These improved poverty maps could help aid organisations and policymakers distribute funds more efficiently and enact and evaluate policies more effectively, researchers said.
One of the biggest challenges in providing relief to people living in poverty is locating them. The availability of accurate and reliable information on the location of impoverished zones is surprisingly lacking for much of the world, particularly on the African continent.
Aid groups and other international organisations often fill in the gaps with door-to-door surveys, but these can be expensive and time-consuming to conduct.
The team built on earlier machine learning methods to find impoverished areas across five African countries.

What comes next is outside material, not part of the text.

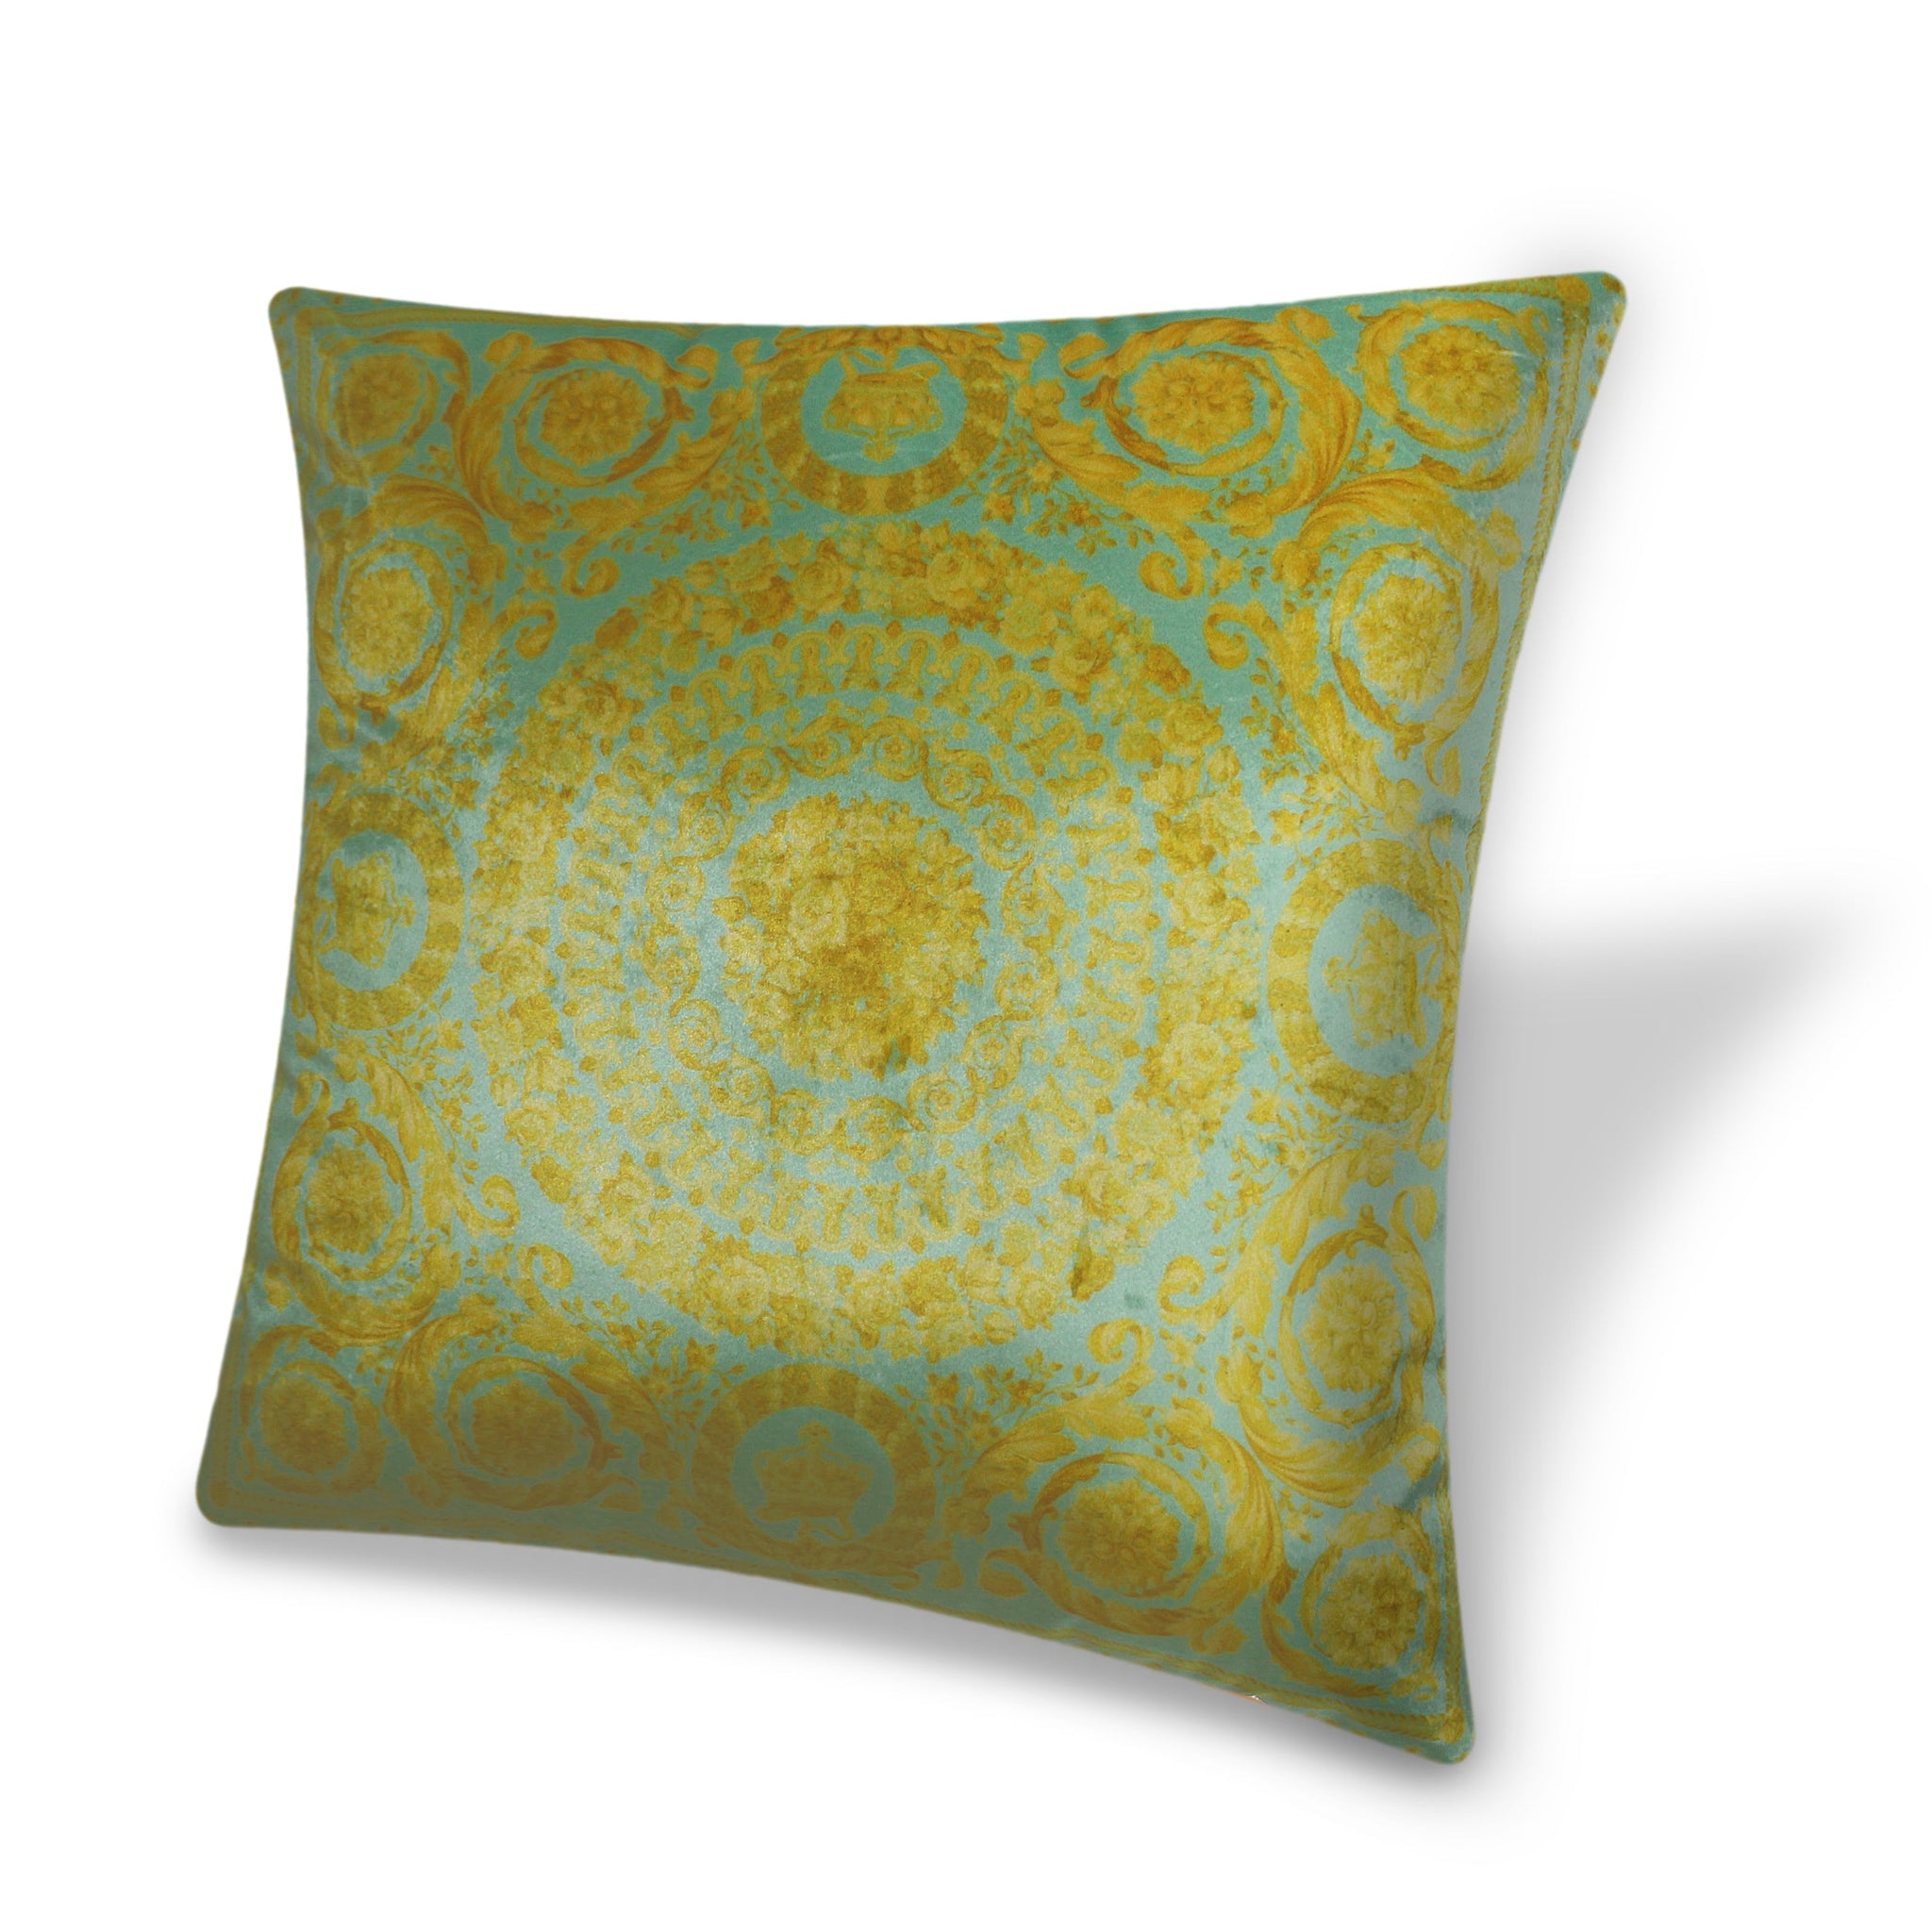 Light Green Velvet Cushion Cover Classic Baroque Style Decorative pillowcase Traditional Floral Motif Décor Throw Pillow for Sofa Chair Bedroom Living Room 45x45cm(18x18 Inches)
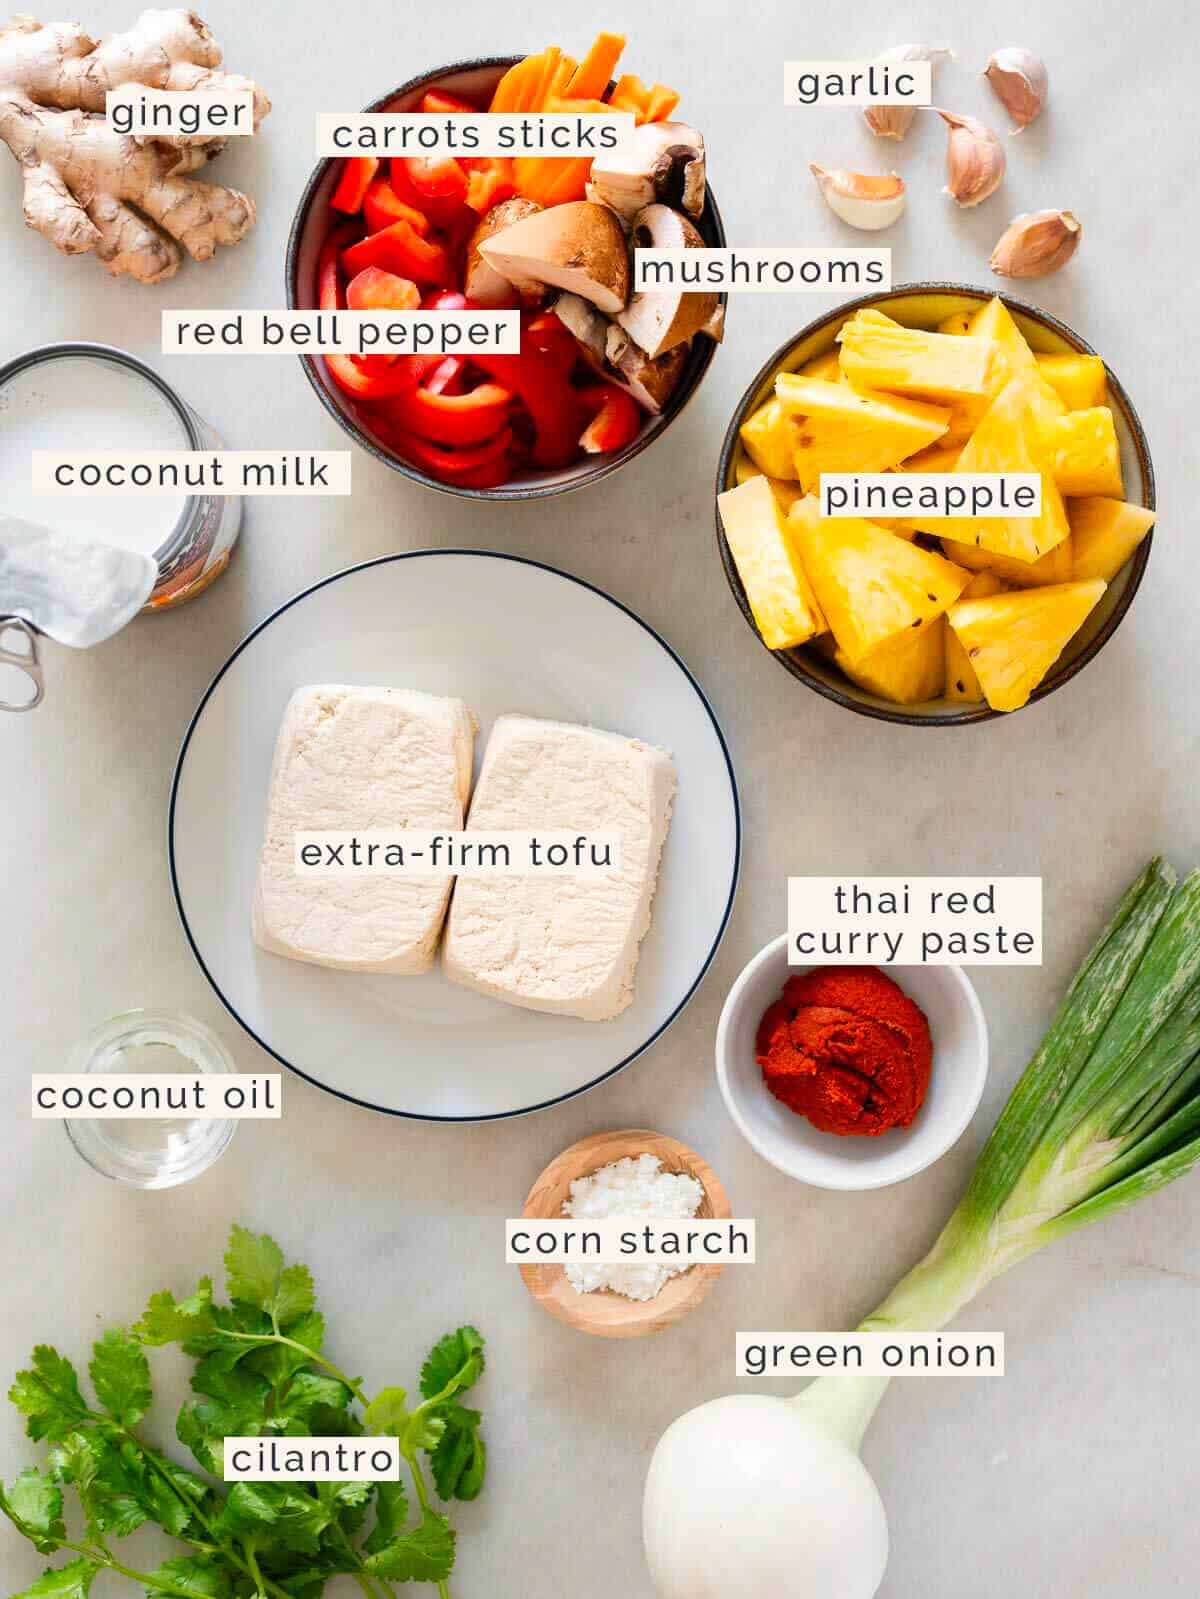 ingredients to make a coconut pineapple Thai curry.

"We have a limited number of surveys conducted in scattered villages across the African continent, but otherwise we have very little local-level information on poverty," said Marshall Burke, an assistant professor at Stanford.
The researchers sought to understand whether high-resolution satellite imagery - an unconventional but readily available data source - could inform estimates of where impoverished people live.
"There are few places in the world where we can tell the computer with certainty whether the people living there are rich or poor," said Neal Jean, a doctoral student at Stanford's School of Engineering.
"This makes it hard to extract useful information from the huge amount of daytime satellite imagery that is available," said Jean.
Because areas that are brighter at night are usually more developed, the solution involved combining high-resolution daytime imagery with images of Earth at night.
"Without being told what to look for, our machine learning algorithm learned to pick out of the imagery many things that are easily recognisable to humans - things like roads, urban areas and farmland," said Jean.
The researchers then used these features from the daytime imagery to predict village-level wealth, as measured in the available survey data.
They found that this method did a surprisingly good job predicting the distribution of poverty, outperforming existing approaches.